It would seem that Jessica Simpson has had the audacity to unabashedly gain weight during her pregnancy. How dare she! Doesn't she realize that her reckless indulgence in buttered Pop Tarts could kill her baby? Doctors who don't treat her all agree! Maybe if we all start a vigorous campaign of hand wringing over all the Cap'n Crunch she's been eating we could burn enough calories for her? I mean, someone needs to step in and control these cravings before she and her unborn child end up dying, or worse yet, influencing other women into thinking they're allowed to be overweight while pregnant. It might as well be the tabloid media. So, let the hunger shames begin!
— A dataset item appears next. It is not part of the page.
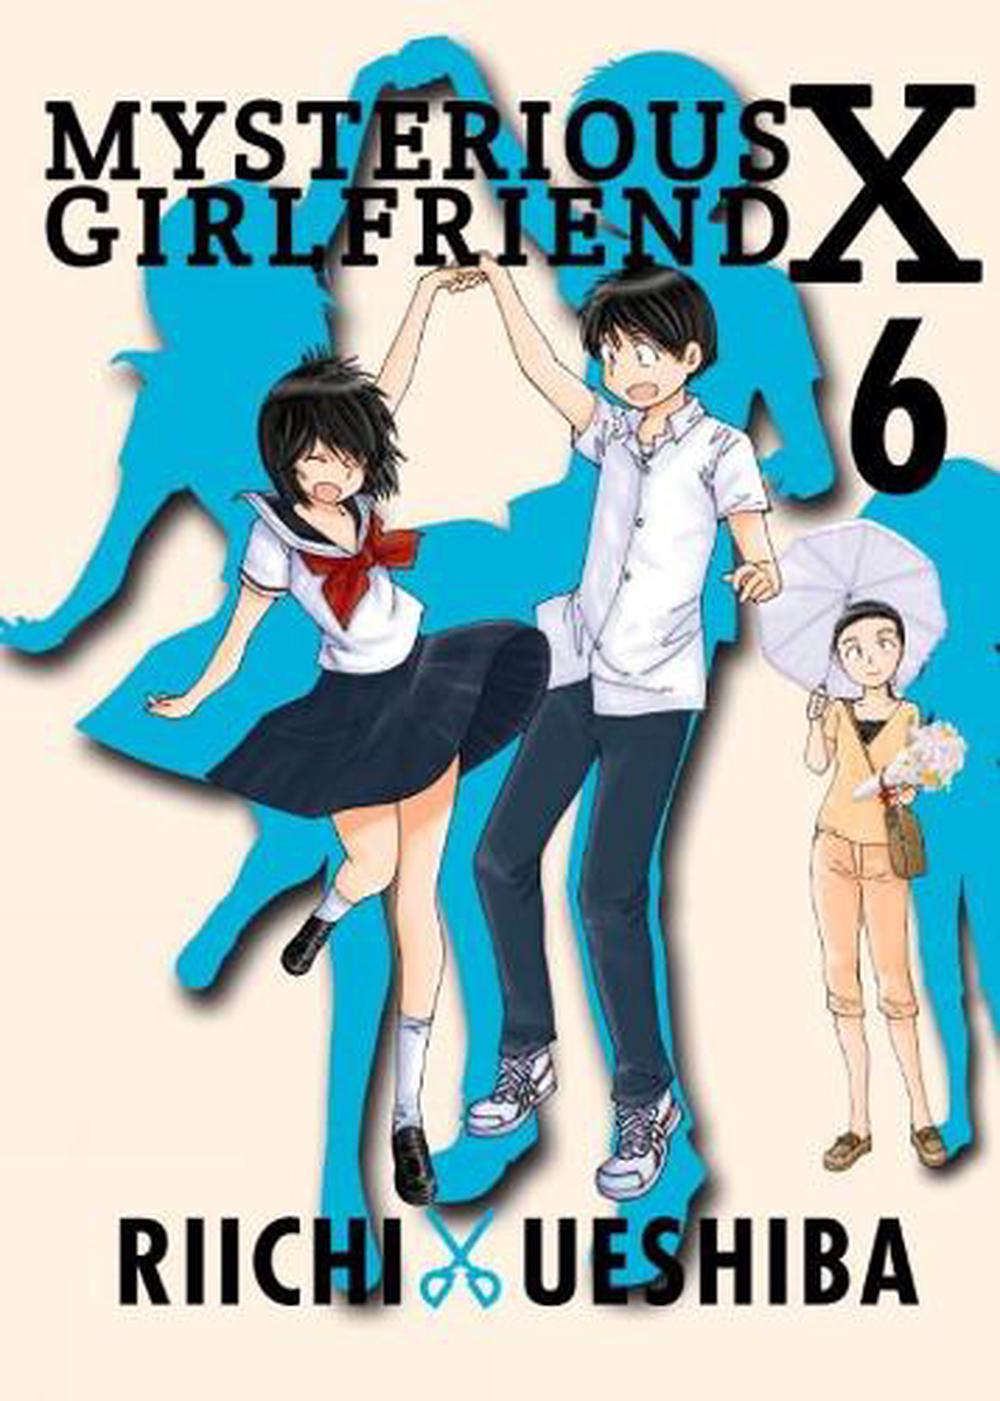 Mysterious Girlfriend X, Vol. 2 by Riichi Ueshiba

OK, but seriously if you think that eating buttered Pop Tarts is disgusting, you should read the abhorrent things that people are saying about pregnant Jessica Simpson. Over the years, Simpson has become way more famous for her fluctuating weight than her music career. Remember the "mom jeans" incident? Or the horrid Vanity Fair profile on her after she lost the weight, in which the writer of the piece continued to make jabs about her being fat? When she announced her pregnancy in October, I thought for sure that her body would get a reprieve from the analysis, criticism, jokes and insults. Because who would even bother to make a joke about a pregnant woman gaining weight? That's like joking about how shoes go on feet. Like, what the fuck? It's not funny, it's just what happens.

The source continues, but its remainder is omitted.